Data provided below:

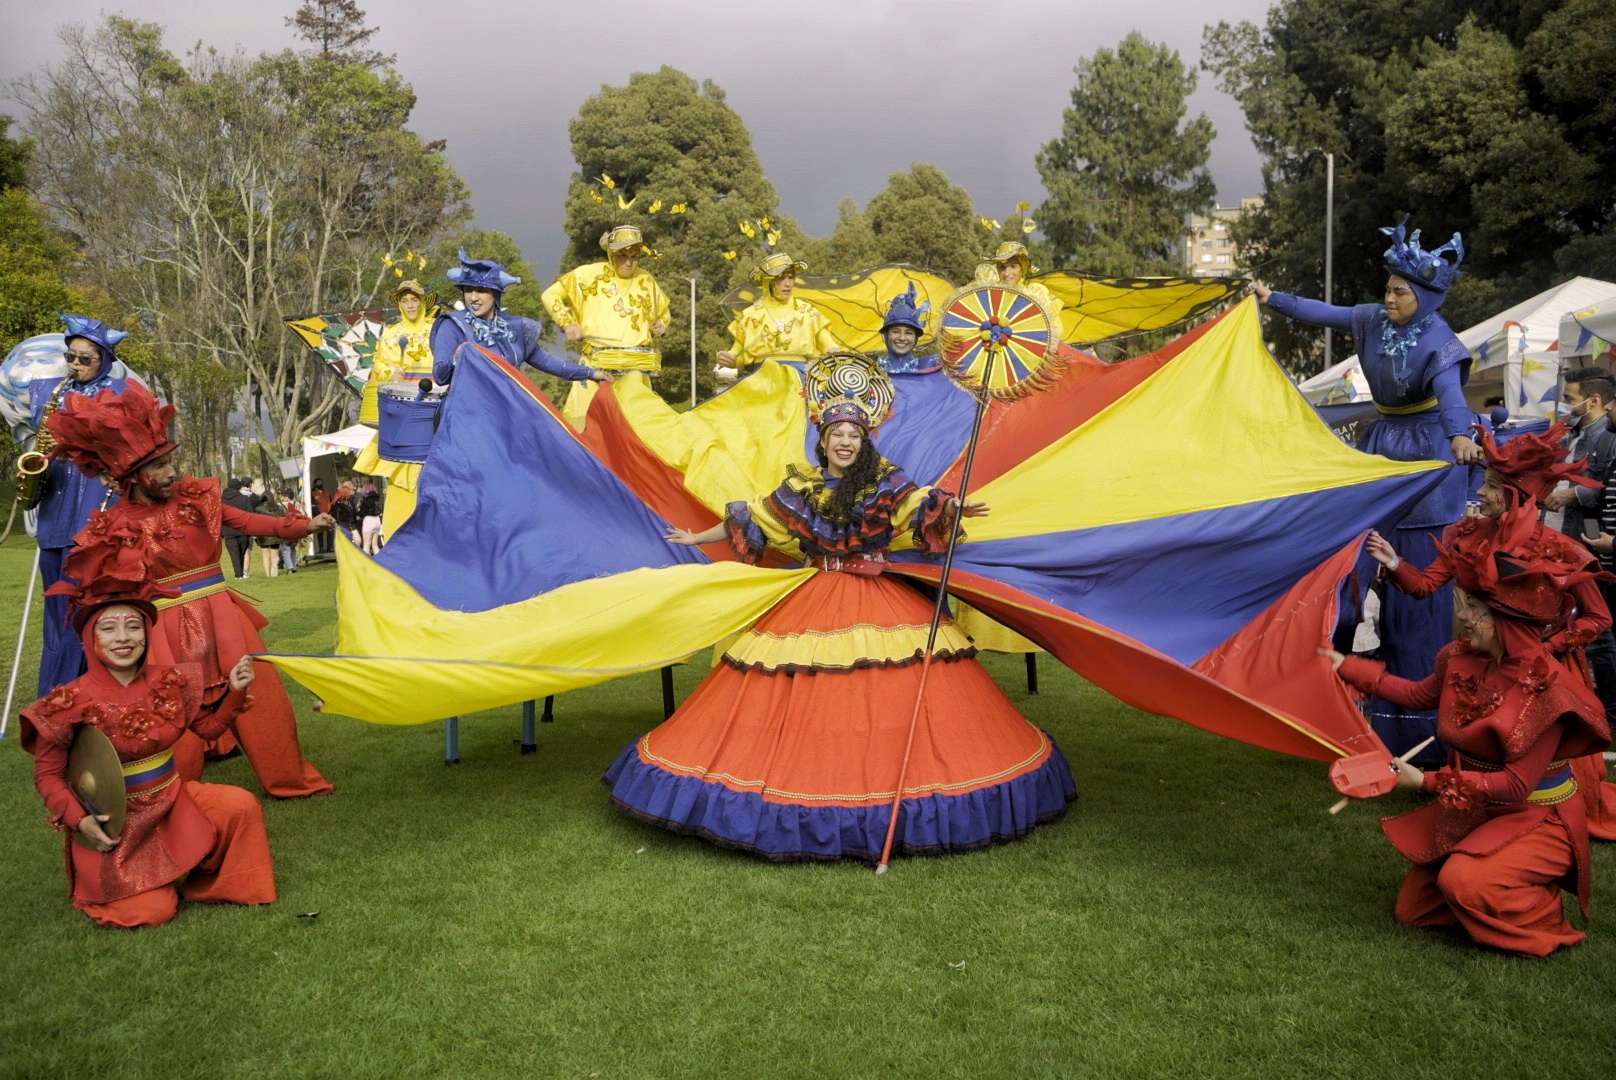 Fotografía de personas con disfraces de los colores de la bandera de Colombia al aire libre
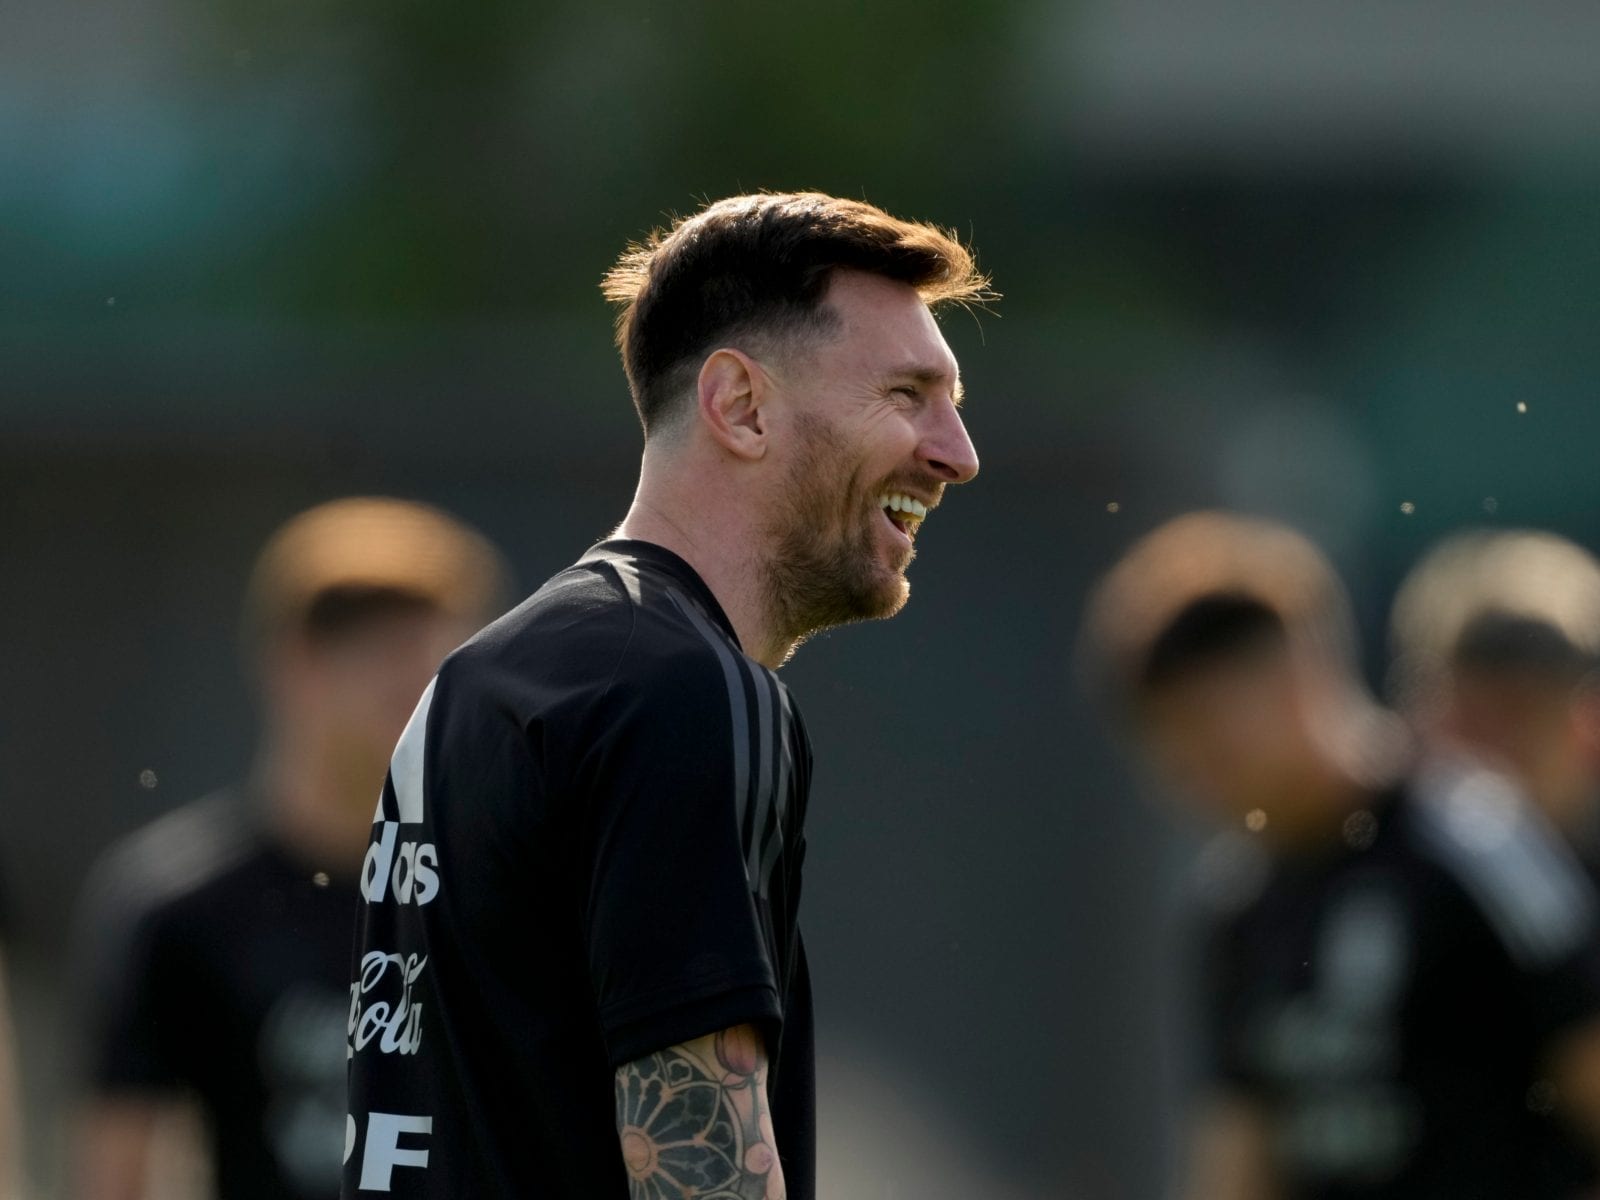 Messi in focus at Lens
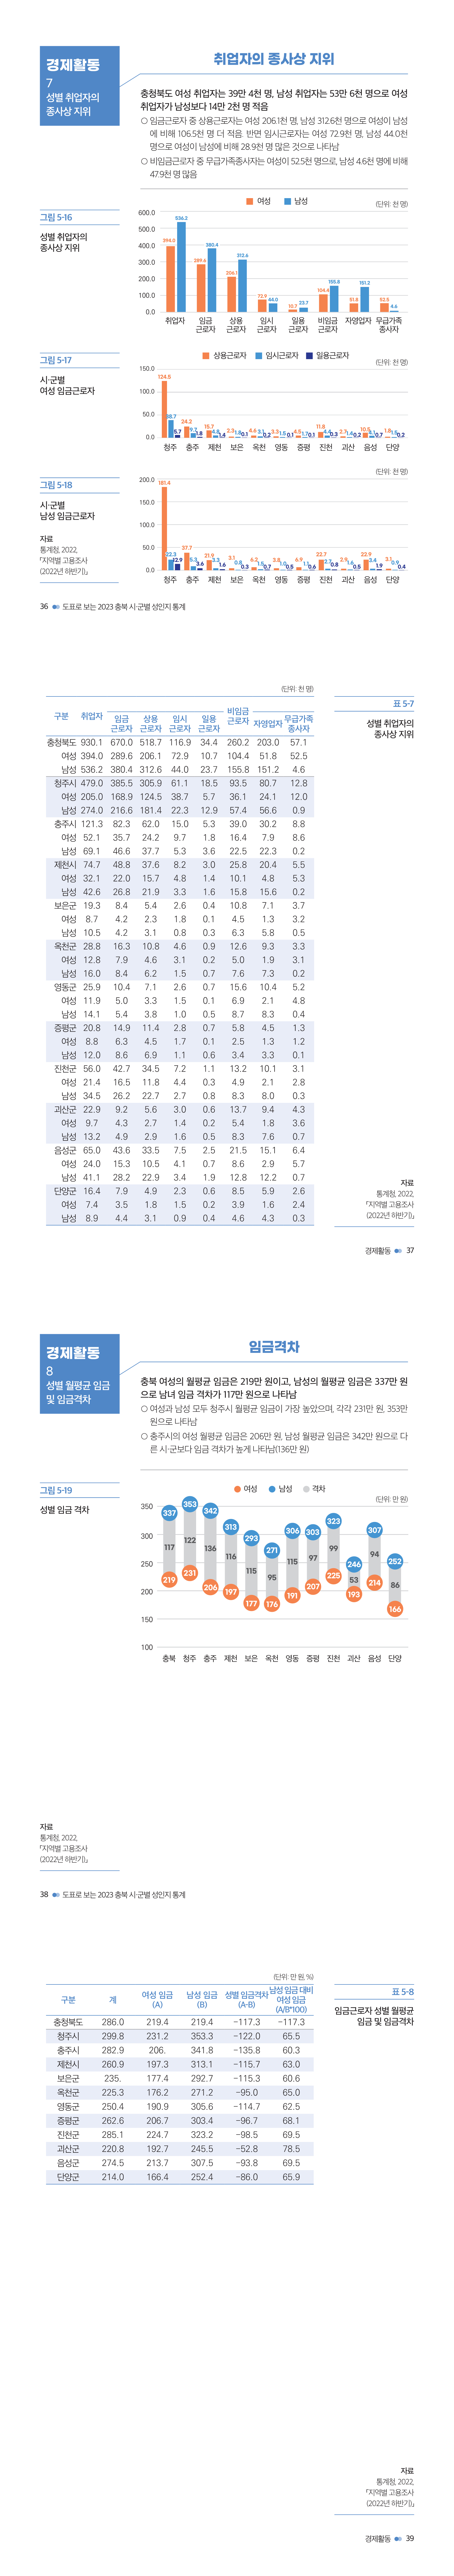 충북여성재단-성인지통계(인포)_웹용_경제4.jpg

End of Data provided.

- Task to complete:
Copy the listing exactly. Any image in it stays out of the copy.

- Result of the task:
 Fotografía de personas con disfraces de los colores de la bandera de Colombia al aire libre
 Messi in focus at Lens
 충북여성재단-성인지통계(인포)_웹용_경제4.jpg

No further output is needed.